11.  Security Considerations


   AIDRE can make machine-oriented retrieval of content more efficient.
   That efficiency introduces risks, including accelerated scraping,
   exfiltration of structured content, abuse of vector-return paths,
   stale or malicious publication, and misleading provenance.

11.1.  Retrieval Amplification


   AIDRE can reduce the cost of large-scale content extraction for both
   legitimate and illegitimate clients. Deployments SHOULD consider rate
   limiting, authentication, authorization, abuse detection, and staged
   disclosure of higher-value representations.

11.2.  Vector Disclosure and Leakage


   Returning vectors can create additional disclosure risk beyond
   returning text alone.
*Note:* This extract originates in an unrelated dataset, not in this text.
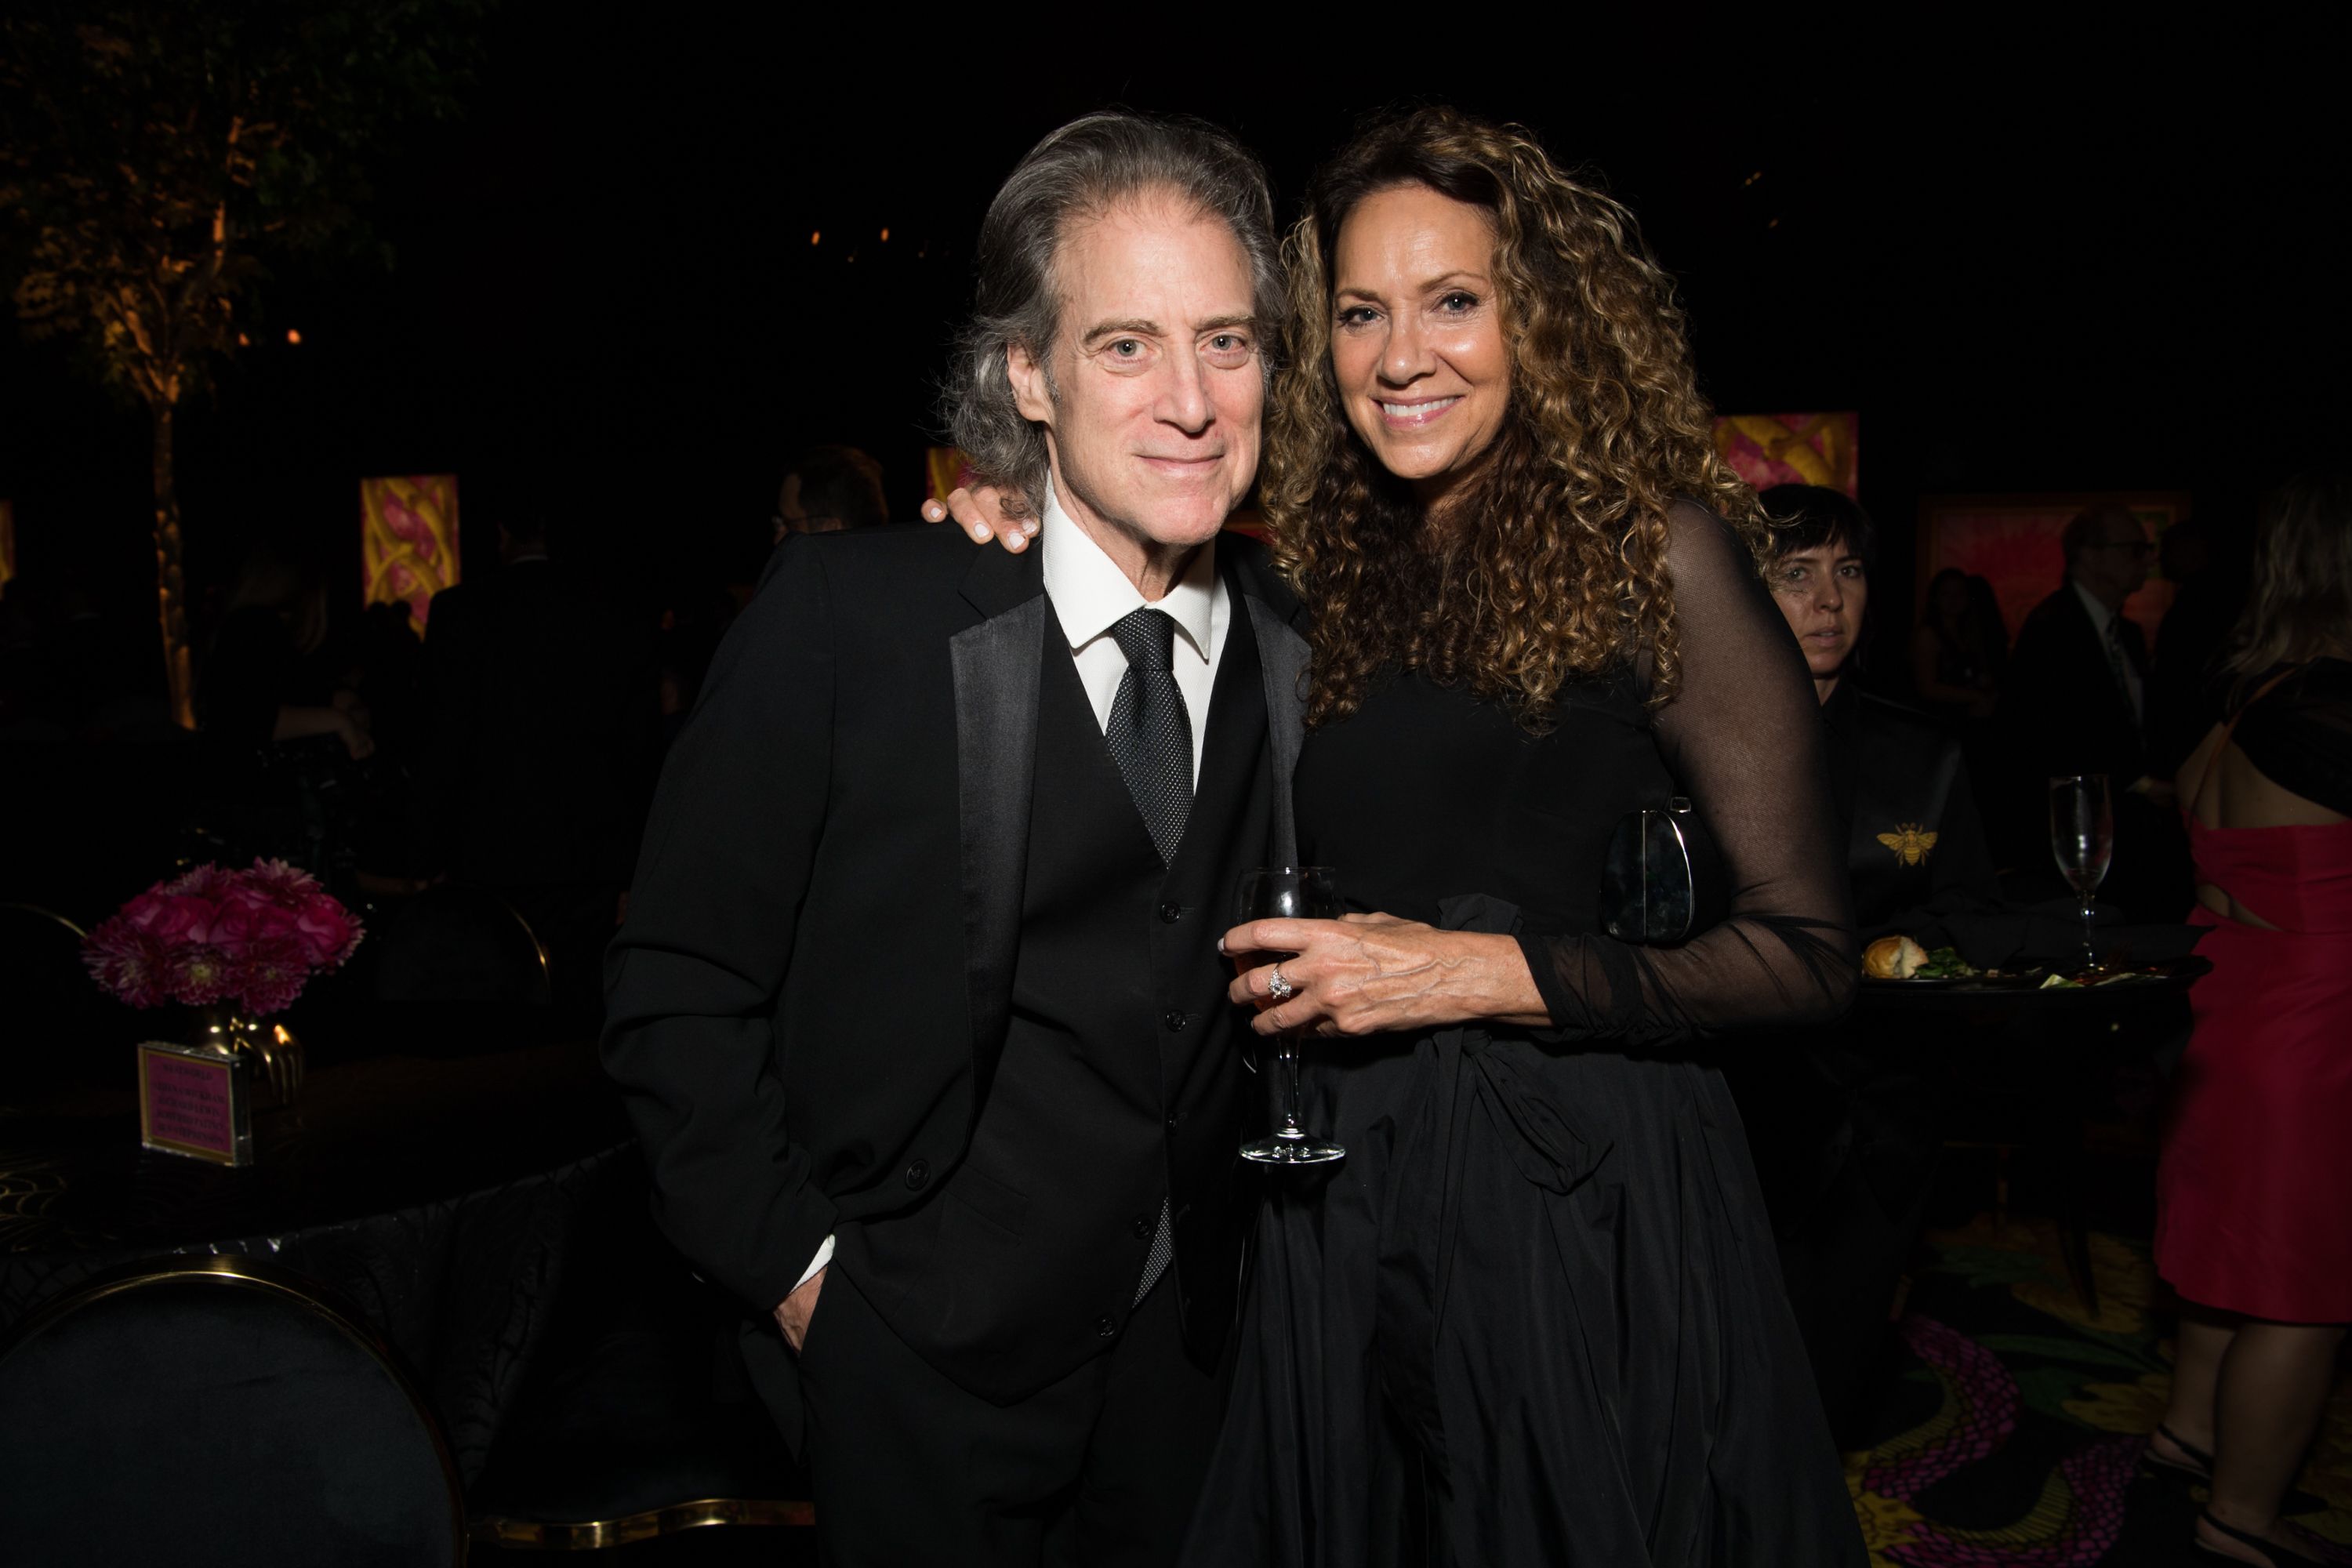 Richard Lewis and Joyce Lapinsky during HBO's Post Emmy Awards Reception at the Plaza at the Pacific Design Center on September 17, 2018, in Los Angeles, California. | Source: Getty Images
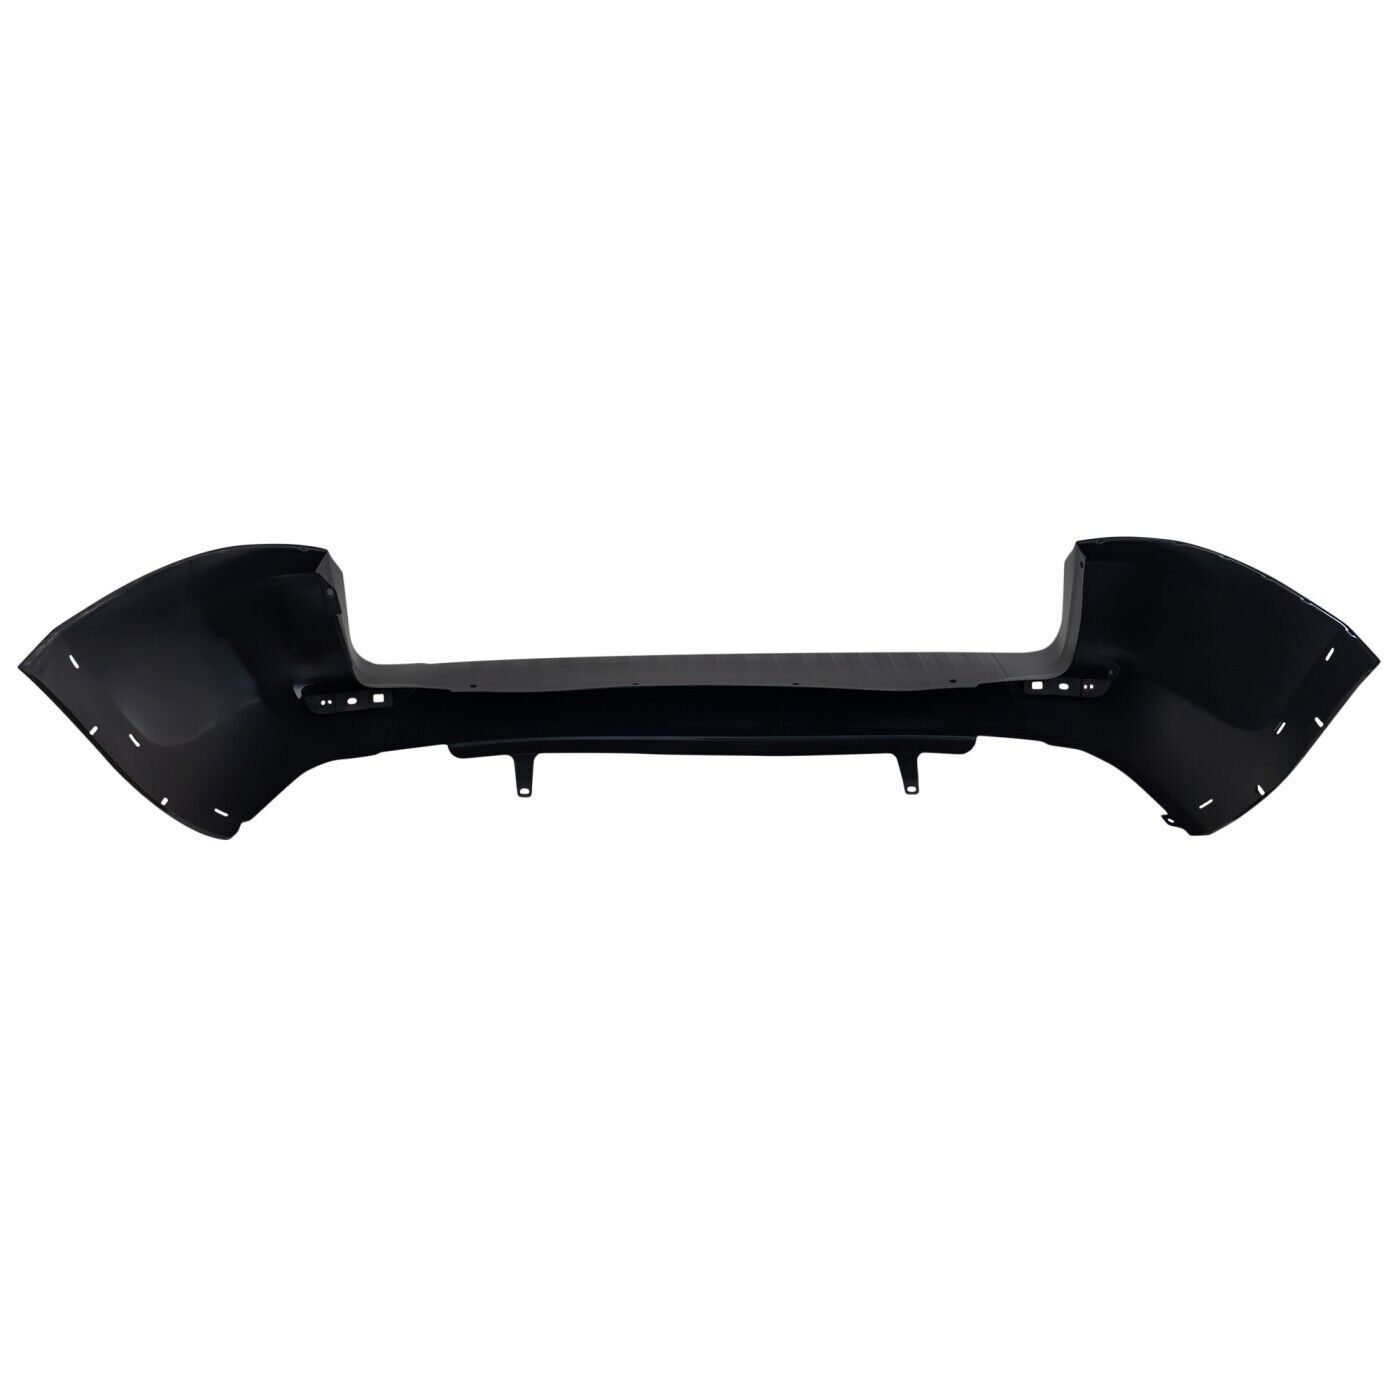 2009-2012 TOYOTA RAV4 Rear Bumper Cover w/Wheel Opening Flares  w/Gate Mtd Spare Painted to Match

Depending on the embedding model, vectors MAY
   expose distributional or structural properties of source content and
   MAY enable downstream correlation, approximate membership inference,
   or other forms of analysis not intended by the publisher.

   Accordingly:

   *  Servers SHOULD NOT return vectors by default.
   *  Servers SHOULD evaluate whether vector return is necessary for a
      given deployment.
   *  Sensitive or access-controlled collections SHOULD disable vector
      return unless there is a specific operational need.
   *  Deployments MAY use distinct policies for public and authenticated
      collections.

   This specification does not require or assume that vector inversion
   is practical in all settings, but deployments SHOULD treat vector
   disclosure as a potentially sensitive operation.

11.3.  Malicious or Stale Canonical Content


   AIDRE gives publishers a machine-oriented canonical surface. If that
   surface is compromised, stale, poisoned, or maliciously altered,
   downstream systems MAY ingest or trust incorrect content at scale.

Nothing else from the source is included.